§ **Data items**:
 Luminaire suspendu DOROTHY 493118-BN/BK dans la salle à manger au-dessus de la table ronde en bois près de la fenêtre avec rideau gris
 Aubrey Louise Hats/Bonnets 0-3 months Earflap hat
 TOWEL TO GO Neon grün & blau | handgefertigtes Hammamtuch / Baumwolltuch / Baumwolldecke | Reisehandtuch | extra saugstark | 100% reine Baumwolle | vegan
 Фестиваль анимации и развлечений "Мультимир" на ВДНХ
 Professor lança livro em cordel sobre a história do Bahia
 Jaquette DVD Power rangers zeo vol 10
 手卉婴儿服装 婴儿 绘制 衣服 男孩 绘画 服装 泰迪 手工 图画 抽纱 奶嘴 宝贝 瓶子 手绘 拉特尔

§ **WHAT IS NEEDED**:
Write every entry out again, exactly as it stands.

§ **COMPLETED EXERCISE**:
 Luminaire suspendu DOROTHY 493118-BN/BK dans la salle à manger au-dessus de la table ronde en bois près de la fenêtre avec rideau gris
 Aubrey Louise Hats/Bonnets 0-3 months Earflap hat
 TOWEL TO GO Neon grün & blau | handgefertigtes Hammamtuch / Baumwolltuch / Baumwolldecke | Reisehandtuch | extra saugstark | 100% reine Baumwolle | vegan
 Фестиваль анимации и развлечений "Мультимир" на ВДНХ
 Professor lança livro em cordel sobre a história do Bahia
 Jaquette DVD Power rangers zeo vol 10
 手卉婴儿服装 婴儿 绘制 衣服 男孩 绘画 服装 泰迪 手工 图画 抽纱 奶嘴 宝贝 瓶子 手绘 拉特尔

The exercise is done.